Galal is raised by his mother and his maternal grandparents. His father dies in the Suez War of 1956, when he is only a baby, leaving Galal with no memories of him, an absence Galal tries futilely to fill. He grows up in a largely Muslim community, all his neighbours and childhood friends being Muslim. Ordinarily, he should blend in like every other child, but he sticks out like a sore thumb. The fact that his mother and her family are Jewish is something that simply cannot be overlooked, and it is a label he will constantly struggle with.
Galal is constantly torn between two extremes. He grows up on one hand, experiencing his grandmother’s hate for Muslims, with his mother making little or no effort to reassure him that there is nothing wrong with who he is. On the other hand, he is faced with forces outside the home that further fuel his conflict. Early in his childhood, his friend says to him:
You idiot; don’t you know you’re Muslim? You’re every inch a Muslim. Your mother and her family, Heaven protect us, they’re the ones who are Jews…. Yes, Jews. And Lord, what’ll happen to them on Judgement Day! Straight to Hell (p 34)!

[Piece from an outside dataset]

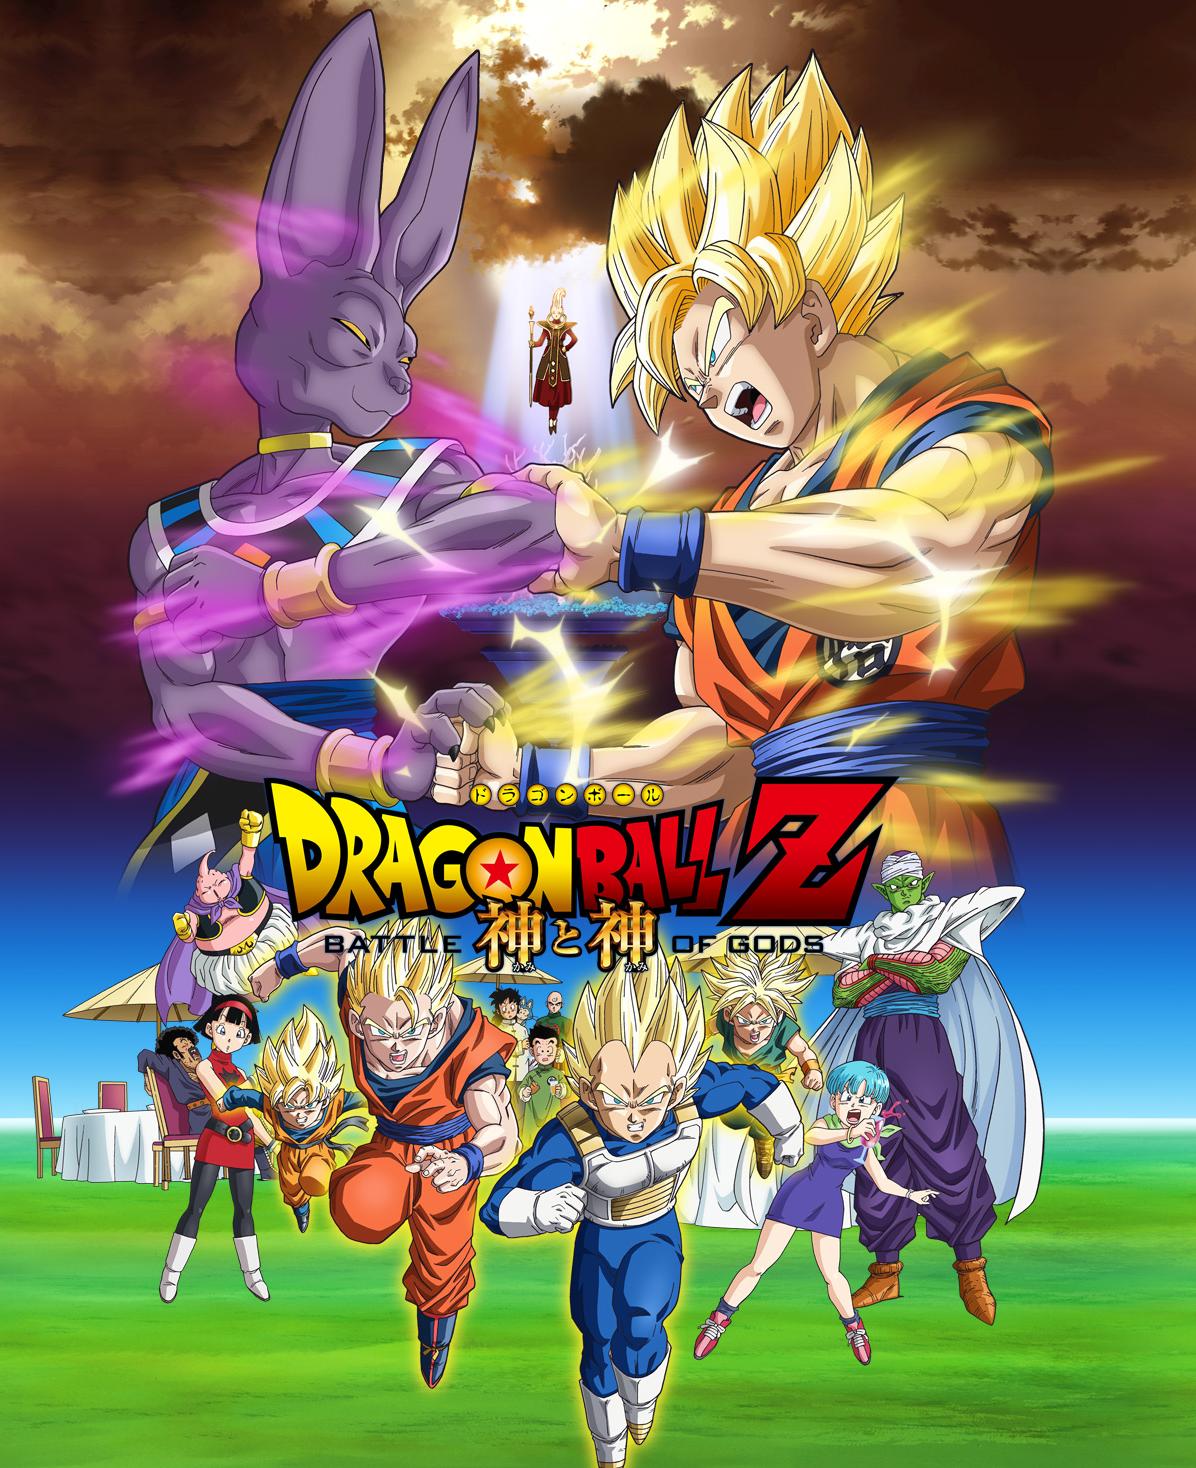 dragon ball battle of the gods dubbed
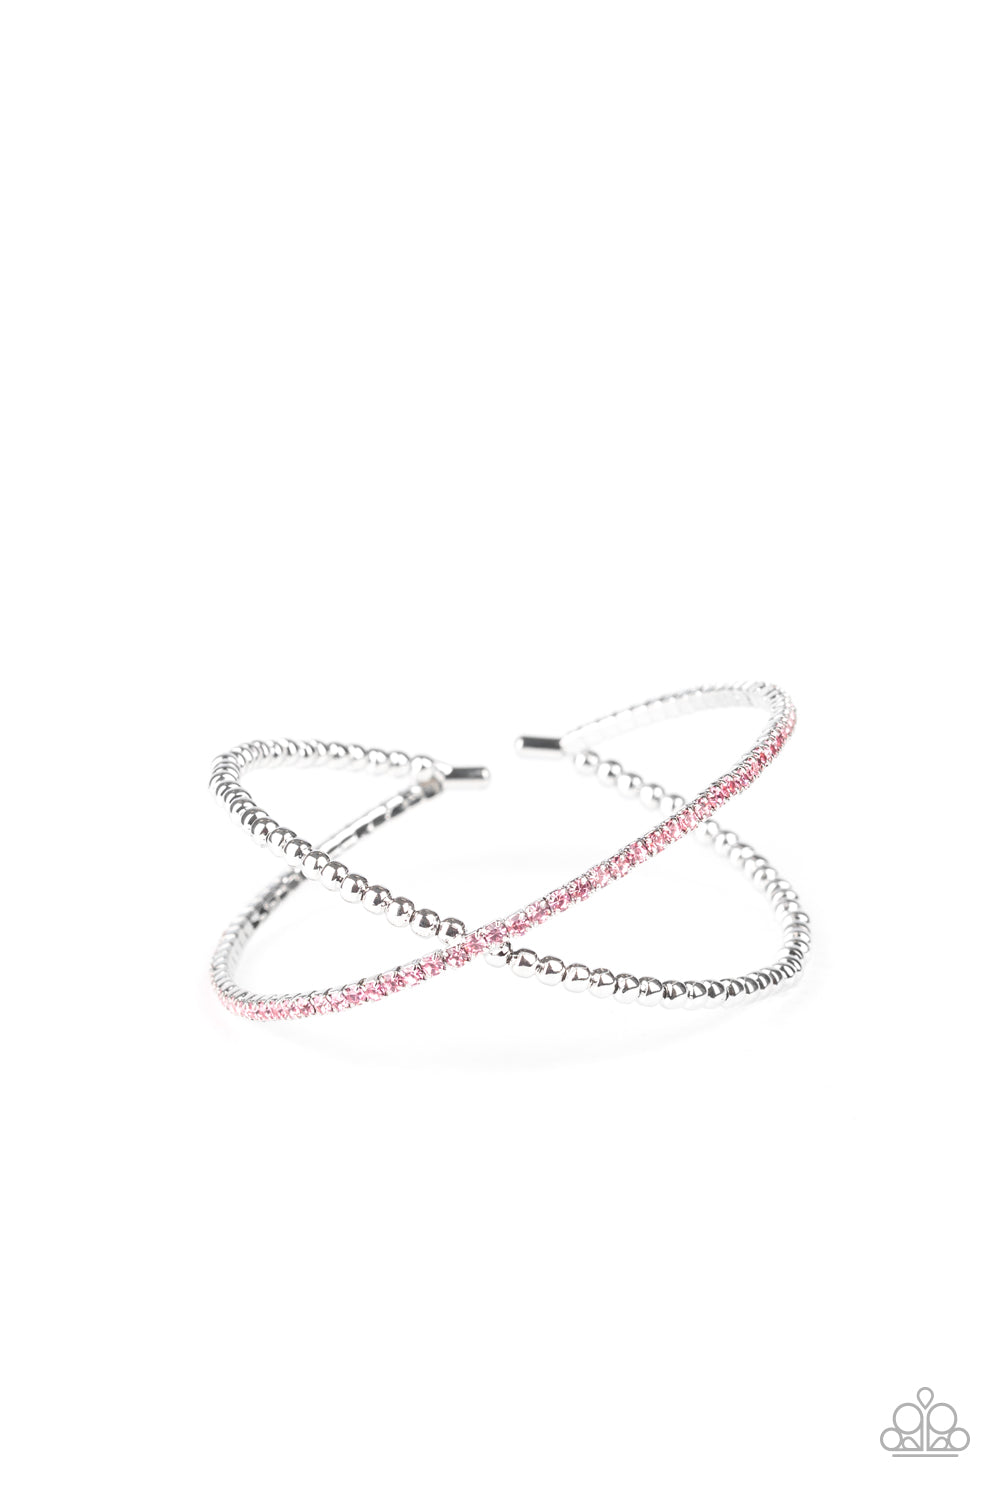 Chicly Crisscrossed - Pink

It is one of the instances in the book that throw Galal deep into his identity crisis. His grandfather is his middle ground, telling him on multiple occasions that Jews and Muslims can coexist, that they are contained in each other’s books. Jews are ‘People of the Book’ and Muslim prophets are found in the Jews’ Torah.
Galal’s family spends most of their lives around Muslims, and so do the Muslims in their lives but the lack of tolerance both parties have towards each other is evident throughout the book and takes many forms. We see it in how unwelcoming Galal’s father’s family is towards him and his mother, in how Galal’s mother views Muslims, including his father’s family, and in the sentiments their Muslim neighbours have towards them. With the way Galal’s mother views his father’s family, it is hard to believe that his parents were ever in love, so when she tells Galal how they met, it is definitely a shock to the reader. If there is one thing the reader realises, it is that, sometimes, love is not enough and will not conquer all.
This religious intolerance is a thread that runs through the entire book. Its effect is so strong that it forces Galal’s grandparents, and eventually him and his mother, to emigrate to Paris. It is a decision that many Arab Jews had to take, even in reality.
Throughout Galal’s journey, the stigma that comes with being born of a Jewish woman is strong and evident; it never stays hidden for long. Galal faces discrimination in various forms and is bulled in school but where the stigma hurts the most is when he, as a teenager, falls in love with a childhood neighbour, Nadia. Galal initially struggles to win her over, but when he finally does, his joy is so contagious that it has the reader rooting for their relationship, hoping that for once, nothing stands in the way of Galal getting what he wants. Their relationship changes him for good: he is more driven, more ambitious and determined to be the best man he can be for Nadia. Just when it seems like things are going as planned, the stigma takes this away from him. When news gets out that Nadia and Galal are in love, Galal never sees her again. Her family does not want anything to do with him and they move out of the apartment building, just to get away from any stigma that may stick to them from being associated with him and his family.
Most importantly, Ruhayyim explores the ways in which Galal’s identity and his life in general are affected by being a Jewish Muslim. For most of the book, Galal does not fully embrace his identity as a Muslim. It is merely a label for him, just the way being Jewish is. As the book progresses, he tilts towards embracing his identity as a Muslim and has defining moments that seal things for him. Prior to these experiences, he could not recite verses of the Koran, he did not fast, pray or go to the mosque often, but at the burial of one of the communities’ significant sheikhs, Galal is overcome by a sense of conviction:
It was as though my feet were weightless, and I was soaring through the air. All at once, I was overcome by a paroxysm of weeping and sobbing as I called out, “There is no god but God, and Mohammed is the Prophet of God” (p 177)!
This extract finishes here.